Once again, the actual design is unimportant and should be offloaded to a discussion of its own. The missing piece is consensus around wanting to solve this issue.
@MathiasMagnus
@herring-swe If you ask me sourcing environment scripts isn't the best solution to this problem, for multiple reasons:
vcvarsall.batwould add a considerable overhead to all CMake/CTest/CPack invocations.
For more advanced scripts possibly. I think a fair tradeoff for simplicity. You can still have static environments if you prefer.
- If you start authoring environment scripts for your custom toolchains, debugging those or their interplay with configuration will soon become a nightmare. The stateless nature of presets is a huge selling point.
But no 3rd party presets are provided and we cannot count on vscode-cmake-tools to support the exact tools we want. So we are stuck sourcing scripts which most developers should know how to either call or create for batch tool setup. Or make tools to generate presets. My goal is to make it easy for the rest in my team and the latter is the best approach for us.
To go back to vscode-cmake-tools and it's CMake integration. Looking at the options with either Kits or Presets (or bleh, use a console...). Presets are for sure the cleanest and best approach for collaboration. I'm coming from QT-Creator where I didn't really have a problem setting up custom compilers (which were initialized using source scripts). For vscode there was a lot of fiddling and investigating to find a possible solution and most work I've done is to circumvent problems with the presets. For instance, presets are parsed differently than CMake. One that is validated by vscode-cmake-tools is not validated by cmake and the other way around (until restart of vscode). For instance cmake forbids inheriting presets defined in CMakePresets.json from another included cmake-file, in vscode-cmake-tools this was allowed and worked fine!
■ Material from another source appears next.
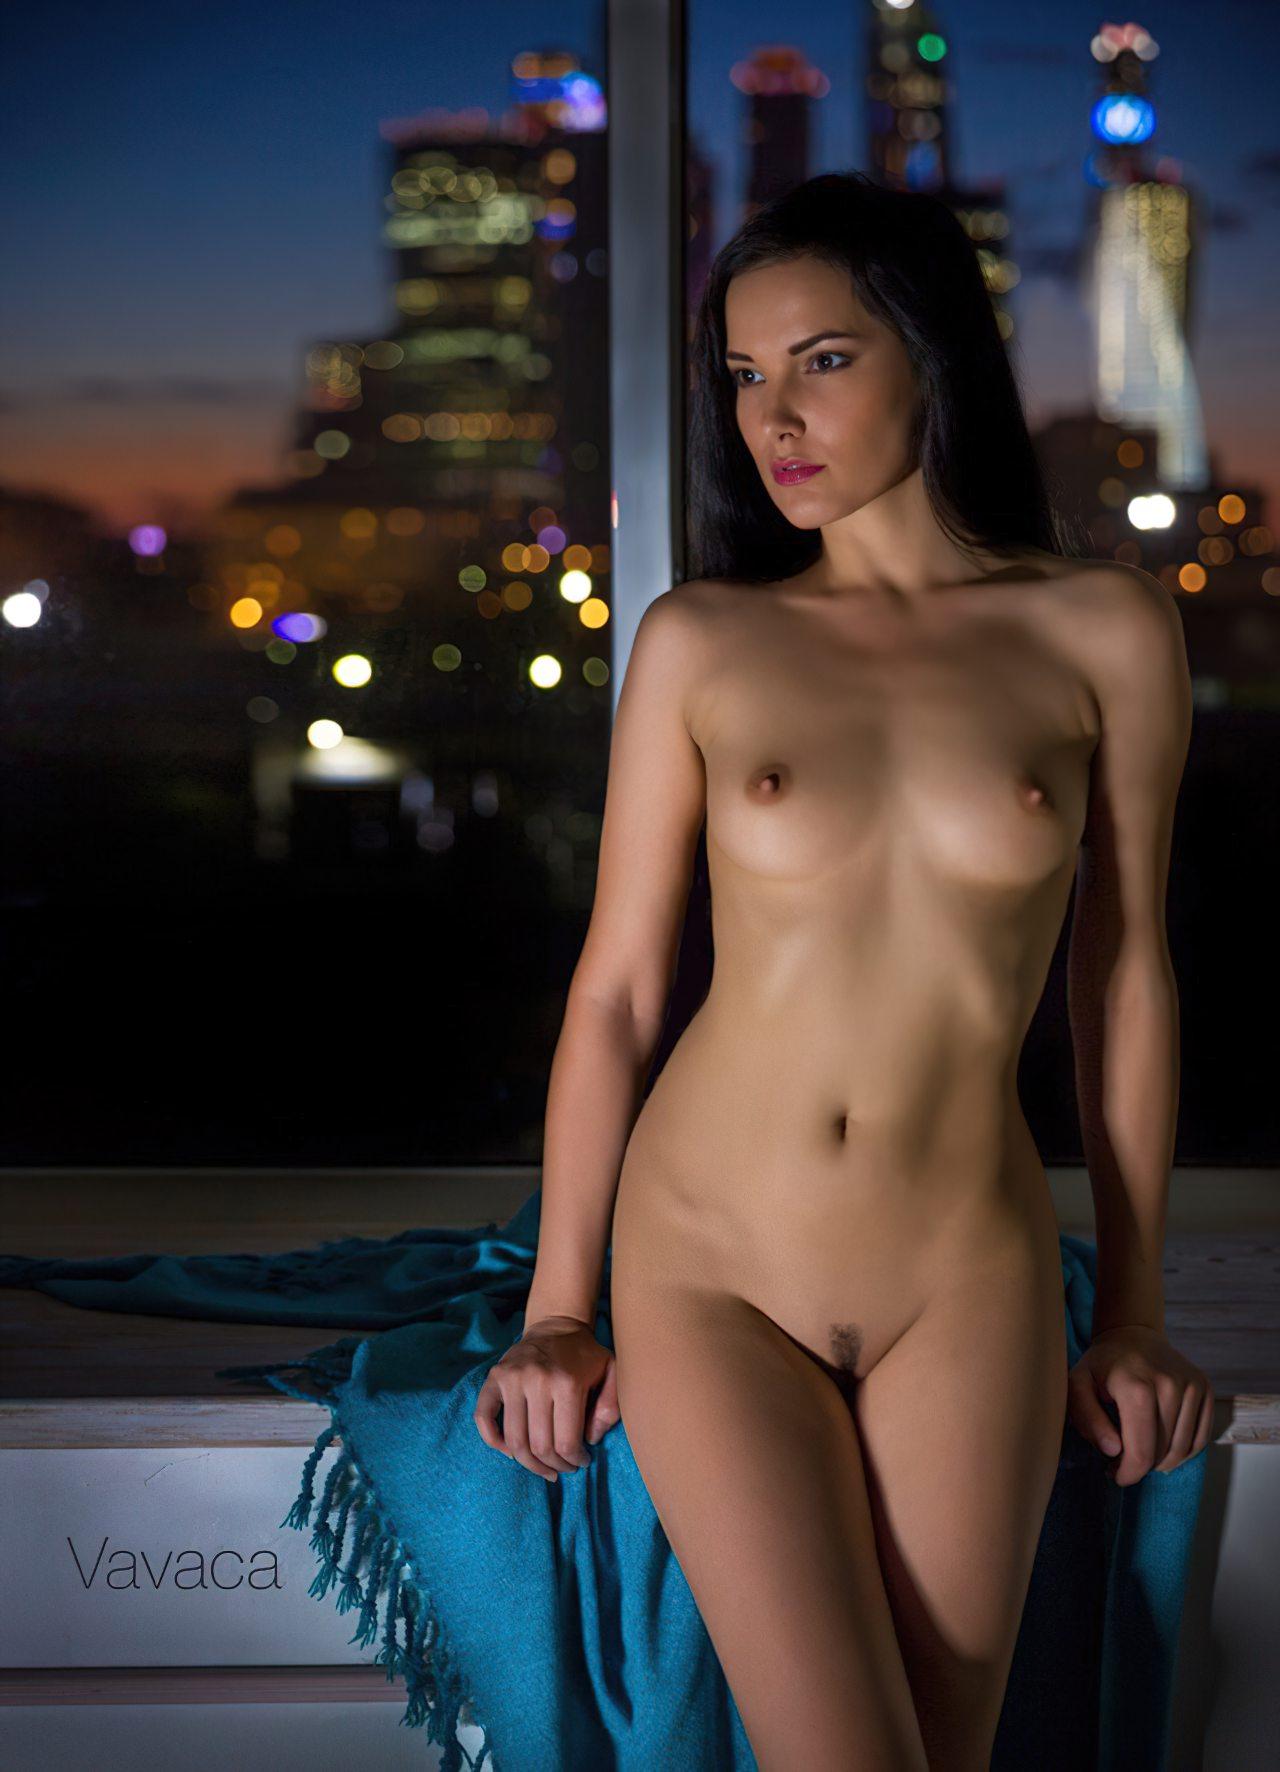 Fotos de Mulheres Despidas (42)

And then fiddling with include order to actually make preset merging work as intended although no conflicts in variable names existed. In the end, I have something that works but I wouldn't trust merging preset environments.
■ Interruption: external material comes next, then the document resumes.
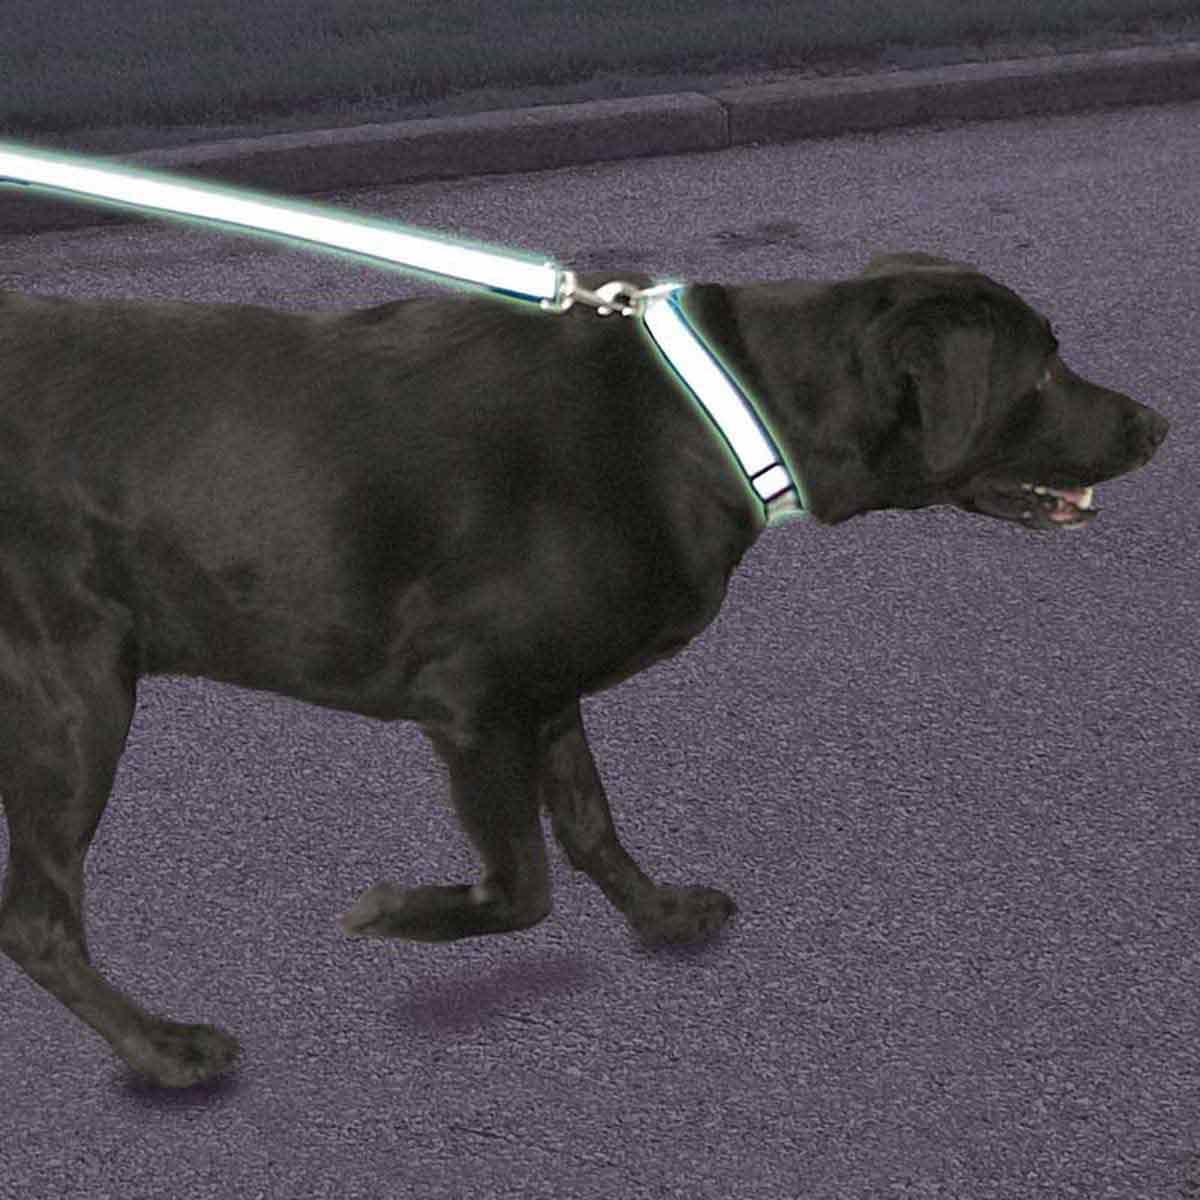 "Dog walking with Coastal Lazer Brite Reflective 3/8"" Lead 6'"

Regarding PATH-like variables. A cleaner approach would be to tell which variables should be considered with append or prepend. For example:
{
{
"name": "some-tool",
"hidden": true,
"environmentPrependPath": {
"PATH": "mypath${pathListSep}mypath2"
"INC": "myinc"
}
}
}
Similarly this could be implemented for cacheVariables. Both cases deal with instances of knowing the separator. This avoids also ${pathListSep}$penv{PATH} which may evaluated to a dangling separator ':' which may be troublesome for whatever tool not dealing with it. I would also expect it to prepend the variables regardless of how the inheritance chain looks like... But again. This would fall upon KitWare.